Disney doesn’t know who you are, but it does have a particular set of skills. Skills it’s honed over a very long career. It can take pretty much any franchise, and grind it down into grey, inoffensive slurry – designed to have something for all the major demographics, not to mention the foreign markets who are more important than ever these days – which can be loaded handily into the box office with a pitchfork. As a result, any Star Wars side-projects are likely to be a lot more exciting than the main film series.

(To be fair, this isn’t strictly down to Disney. The main redeeming feature of the prequel trilogy was the animated series Clone Wars.)

This is doubly in effect here, since the Mandalorians have always been the dark horses of the Star Wars universe. Boba Fett spoke all of twice in the original trilogy, and died in a way that was shameful and undignified, but there’s just something about the look of that helmet and that dinged-up armour that really struck a chord with people.
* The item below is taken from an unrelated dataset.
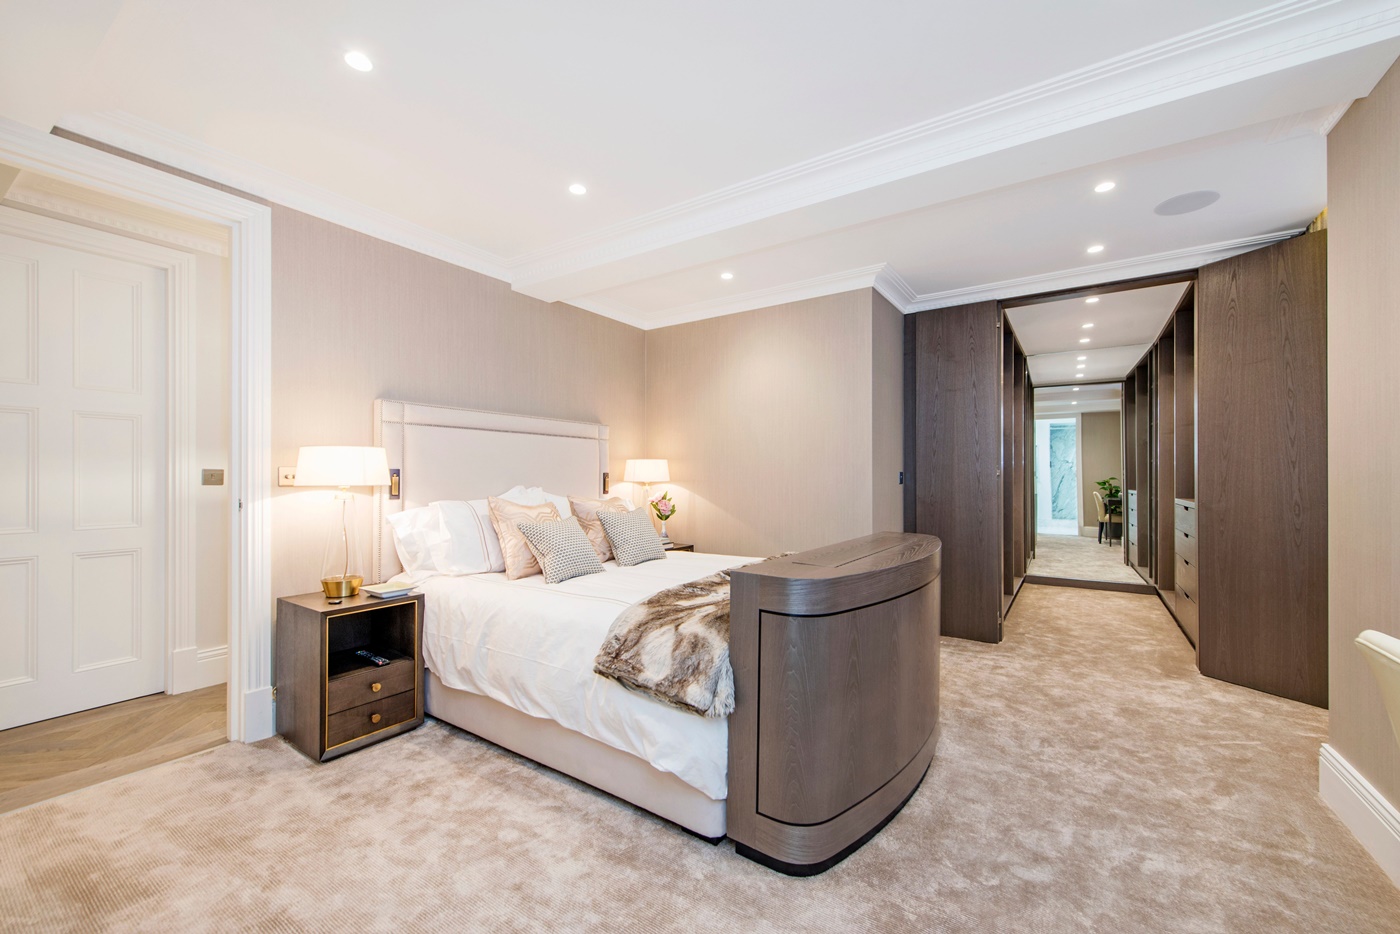 Bespoke bedroom furniture in Hertfordshire

So much so that he, a character whose name was never actually spoken onscreen in his first film appearance, got his own tragic origin story in the prequels.

It’s not actually good old Boba fronting the Mandalorian, just someone a lot like him – a devil-may-care interstellar bounty hunter with a roguish grin and nothing to lose. Played by Pedro Pascal, no less: you’ll remember him as the charismatic one of the two goodies from Narcos. Even on the face of it, it’s a better formula than ‘Disney shamelessly trades on your nostalgia for another two hours’.

5. The Crown | November 17

https://www.youtube.com/watch?v=vLXYfgpqb8A

While this isn’t strictly a premiere, it is rolling out a new era within The Crown – that crazy, hazy period in the British monarchy when Claire Foy, to everyone’s surprise, grew up to become Olivia Colman.

It’s a sad truth that actresses who reach a certain age still face a fairly blunt choice – figure out something else to do in the day, or else become a kind of elder stateswoman both on and off the screen. True to form, Gillian Anderson’s been tentatively penciled in to play Margaret Thatcher in future seasons of The Crown. But as for Colman herself, she’s now up there with Helen Mirren and Dame Judi Dench, who, to the best of my knowledge, actually did head Britain’s intelligence services for a while in the late ’90s.

The plan is for Colman to play the Queen to cover the years 1964 to 1977 – which may have been the Austin Powers-coloured swinging sixities, but also saw the British Empire actively crumbling by the hour. Which is interesting, because one of Colman’s strengths has always been genuinely inelegant weeping – from the affecting in The Favourite, to the grotesque in Peep Show. But this role would seem to demand the kind of stony-facedness that Big Liz showed in real life.